Talk:Robots Exclusion Standard
From Wikipedia, the free encyclopedia
For the old archive, please see Talk:Robots.txt protocol.
- this is a red link, whoever moved the page messed up, or the page was moved using some form of bot/app, which just posted the mesage without checking for the presence of a talk page.--|333173|3|_||3 05:38, 27 June 2006 (UTC)
Perhaps this article should be named Robots exclusion standard instead of Robots Exclusion Standard? Wmahan. 00:17, 2004 Sep 12 (UTC)
I have ixed the Warning section, and reduced the level to a level 3 heading (=== ... === instead of == .. ==), and femoved the {{tone}} tag.--|333173|3|_||3 05:38, 27 June 2006 (UTC)
Contents |
[edit] Google info removed
- Google uses comments for the same purpose: <!--googleoff: index--> ... <!--googleon: index-->
A source is needed. - Ta bu shi da yu 13:53, 14 August 2006 (UTC)
[edit] NOINDEX
Can anyone confirm this? It sounds general, but I know of not a single reference anywhere. projectphp 00:13, 15 August 2006 (UTC)
AFIK, NOINDEX tag has been introduced by Yandex, a russian search engine, see Yandex help page (in Russian). 212.176.39.52 12:12, 15 August 2006 (UTC)
[edit] <!--noindex--> / <!--/noindex-->
One another way to exclude a portion of webpage from indexing is used by ASPSeek and DataparkSearch search engines: two special comments for the begin and the end of region to exclude <!--noindex--> / <!--/noindex-->, see DataparkSearch's documentation.
[edit] Examples section
There's a bit of a discrepancy between the first two and the other examples; the first two talks about "robots" while the latter about "crawlers". Should this be fixed/changed? Aeluwas 21:14, 30 May 2007 (UTC)

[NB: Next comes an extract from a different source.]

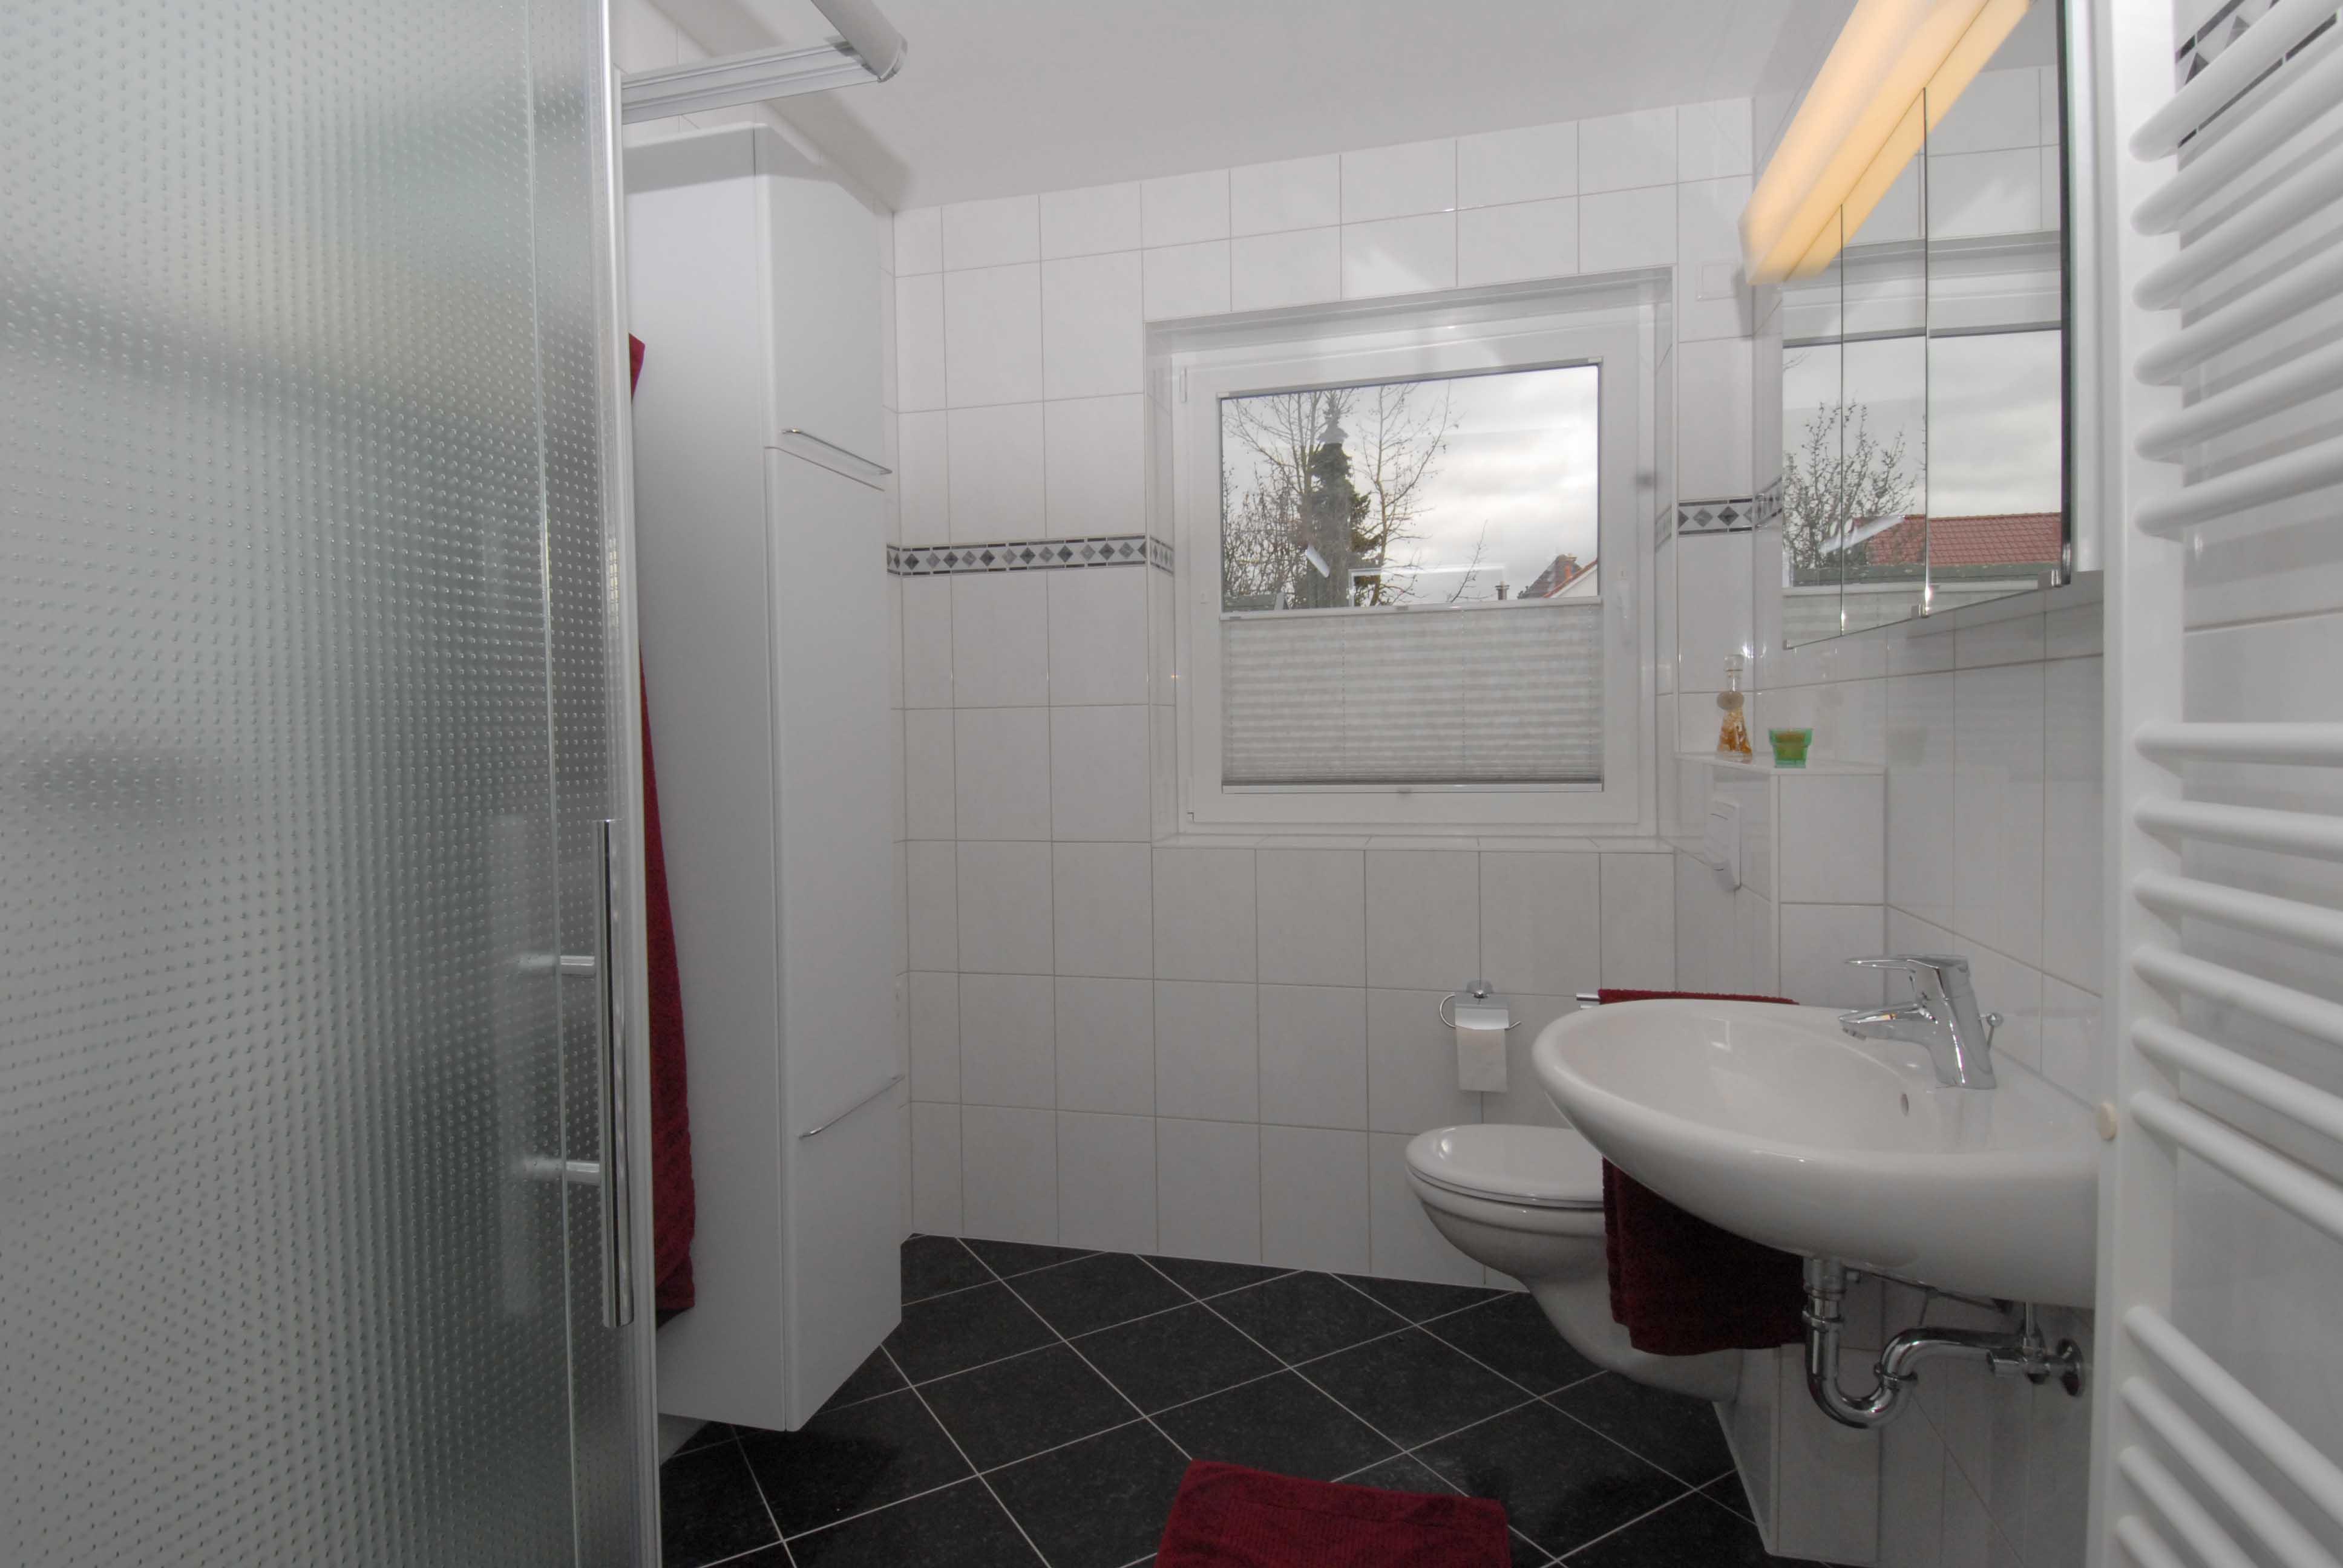 pape - ferienwohnung, (steinfurt). ferienwohnung, 50 qm, 1-2 personen,, Badezimmer ideen

When search engines talk about their robots, they tend to call them "crawlers". However, the robots.txt applies to all robots, even the ones that don't crawl (and just check sites). Accordingly, I suggest that we use "robots" as a standard term for this article unless it's in a section that is very clearly only about a search engine crawler (such as the crawl delay).Ian McAnerin (talk) 05:20, 21 November 2007 (UTC)
[edit] Spam / Useless Links
I just removed the following external link: *[ht tp://www.google-msn-yahoo.info/ Windows XP Update Repaire] It caught my eye when I noticed "repaire" was spelled wrong. When I followed the link, it went to one of the spammier sites I've ever seen. The top half was all about wooden flooring, and there was a little tiny note at the bottom saying that robots.txt is important. Ian McAnerin (talk) 05:05, 21 November 2007 (UTC)
[edit] History
http://yro.slashdot.org/comments.pl?sid=377285&cid=21554125 gives the history of the robots.txt standard. However, I'm not sure if the information is purticulary encyclopedic, and I'm betting a slashdot comment isn't a reliable, verifiable source. OTOH, the people monitoring this talk page might want to chase it down. Theorbtwo 23:54, 2 December 2007 (UTC)
[edit] Dynamic Links
There's no info on dynamic links. ceo 13:21, 7 December 2007 (UTC)